Lab 7: Pipes and filters in UNIX
You may find our solutions to Lab 6 in our solutions repository. For now, let’s focus on lab 7.
In this lab, you will get to know the commands less and grep, and experiment with input and output redirection.
Lab 7 learning objectives
- Get more comfortable and efficient using the command line
- Use
lessandgrepto view and search through text files - Recognize and use pipe and redirection operators
Table of contents
Icebreaker
Clone our starter code into your account on ieng6.
Can you guess what part of campus each of these photos was taken? Work with your groupmates!

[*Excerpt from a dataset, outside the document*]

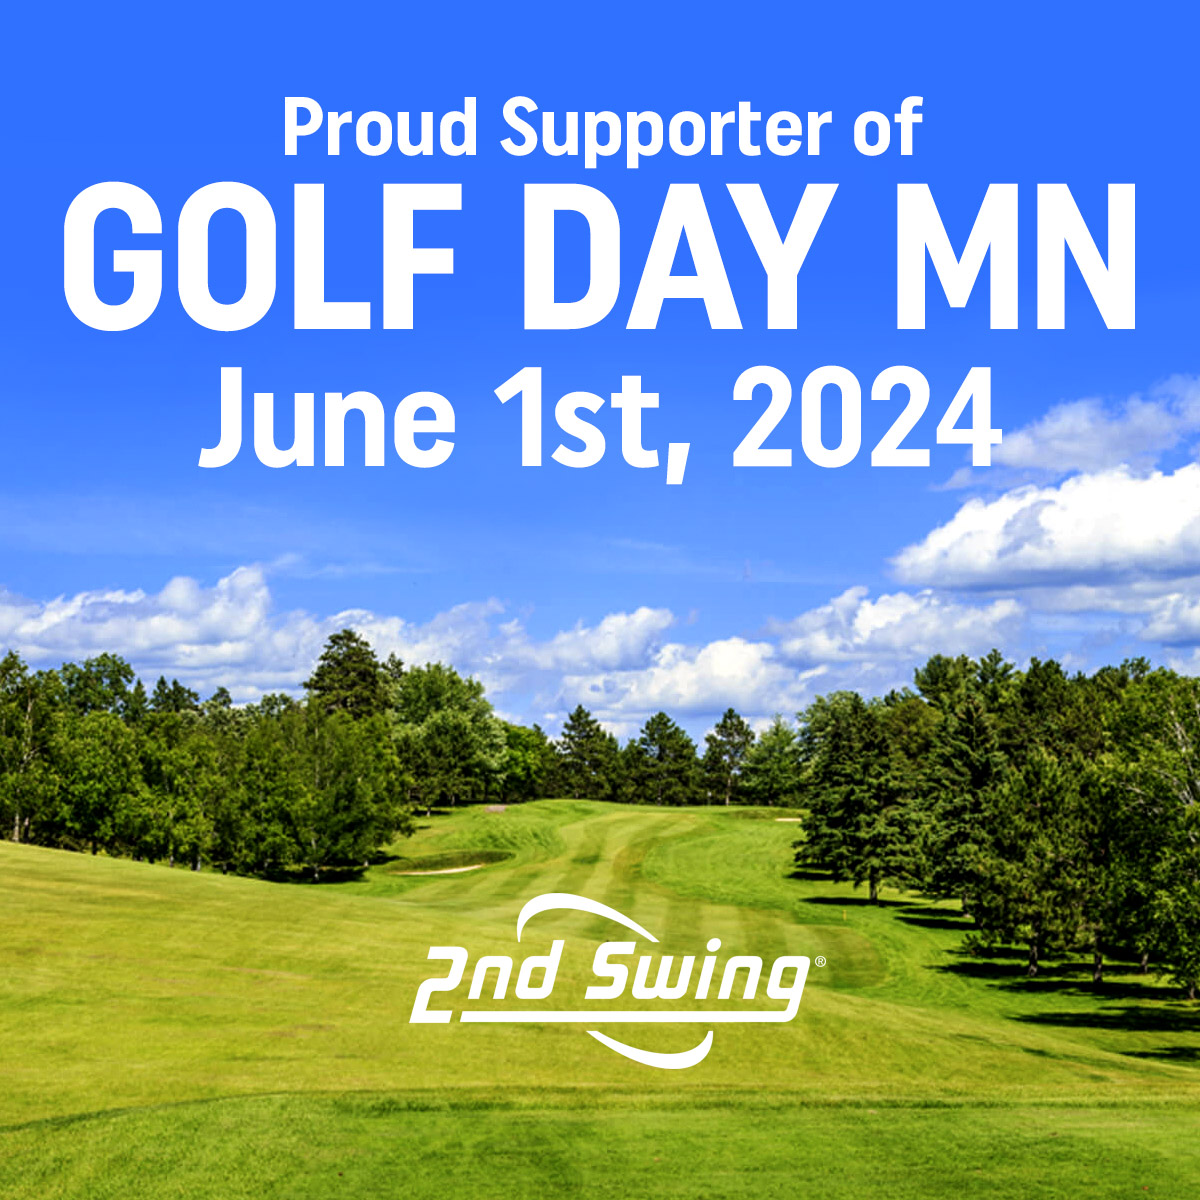 We are just 18 days away from the Inaugural Golf Day Minnesota! We can't wait! Come join us on the course and celebrate the sport we all love! Find a participating course near you here: bit.ly/4dHeM96 #GolfDayMN #2ndswinggolf #golf
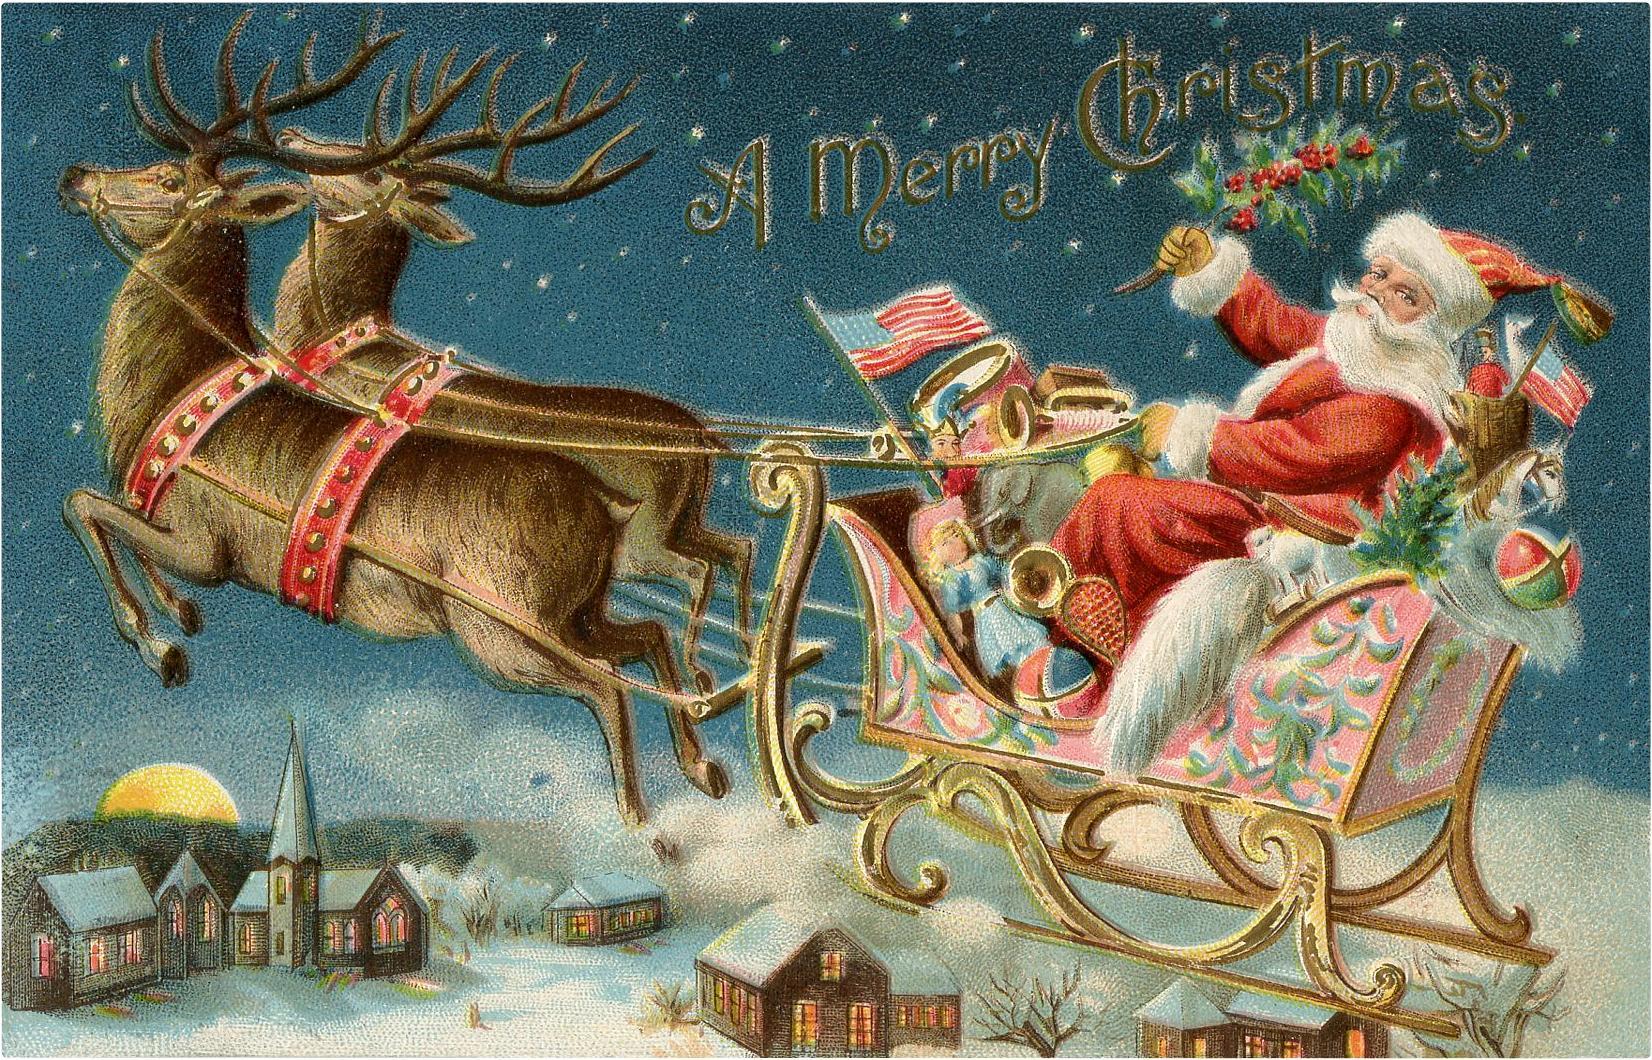 Santa Sleigh Image and More! Graphics Fairy

Google Maps is allowed!
Please write the answers on your whiteboard!
Warmup: UNIX Golf

Consider “surf” as our starting directory and start there (current pwd). Complete each task in as few keystrokes as possible. Write your answers on your whiteboard.
- Travis listened to Noah Kahan before he was big (totally). Move Noah Kahan to the east_coast directory, and rename him to Noah_Kahan_2024.txt.
- Travis forgot to add Hozier! Add Hozier.txt to less_indie.
- Travis only likes like one or two song from Skeggs. Remove Skeggs.txt
As you continue to use vim, you may want to consider tools to enhance your experience. Below are several options:
Vundle – a plugin manager for vim https://github.com/vundlevim/vundle.vim
vimawesome – a site with plugins you can add with the help of vundle https://vimawesome.com/
These would take longer to customize so feel free to take a few minutes to look through these but do continue on without much delay.
Searching and Filtering Program Output
In this lab, we’ll walk you through some helpful UNIX commands that are commonly used to save and filter program output. There are multiple ways to achieve the same result, and we’ll demonstrate advantages and disadvantages of each.
In the starter code, you are given a problem.c source code file. This program creates a large 2D array, fills it with numbers, and prints them out. Fortunately, whoever wrote this was thoughtful enough to write code to check for an out-of-bounds error. Unfortunately, whoever wrote this was not thoughtful enough to debug the program. Fortunately, you don’t need to debug this program; we’re going to use this program as an example of how the following UNIX commands can be used to parse a lot of program output easily.
Compile and run problem to see exactly what “a lot of program output” means.
$ make problem
$ ./problem
Every so often there’s an error message, but it’s separated by all the expected program output. For programs with more errors and more output, you could imagine how we wouldn’t want to keep scrolling up the terminal to read. There are multiple ways in which we can filter out everything but the error messages.
Say Less
In previous PAs, we’ve already used the indirection (<) and redirection (>) operators. These are used to feed input into a program, or redirect the output of a program into a file. Let’s first save the output of the program to a text file:
$ ./problem > problem.txt
Redirection overwrites any content of the destination file with the output. There also exists the append (>>) operator, which works similarly to redirection, but appends the output to the end of the destination file instead of overwriting.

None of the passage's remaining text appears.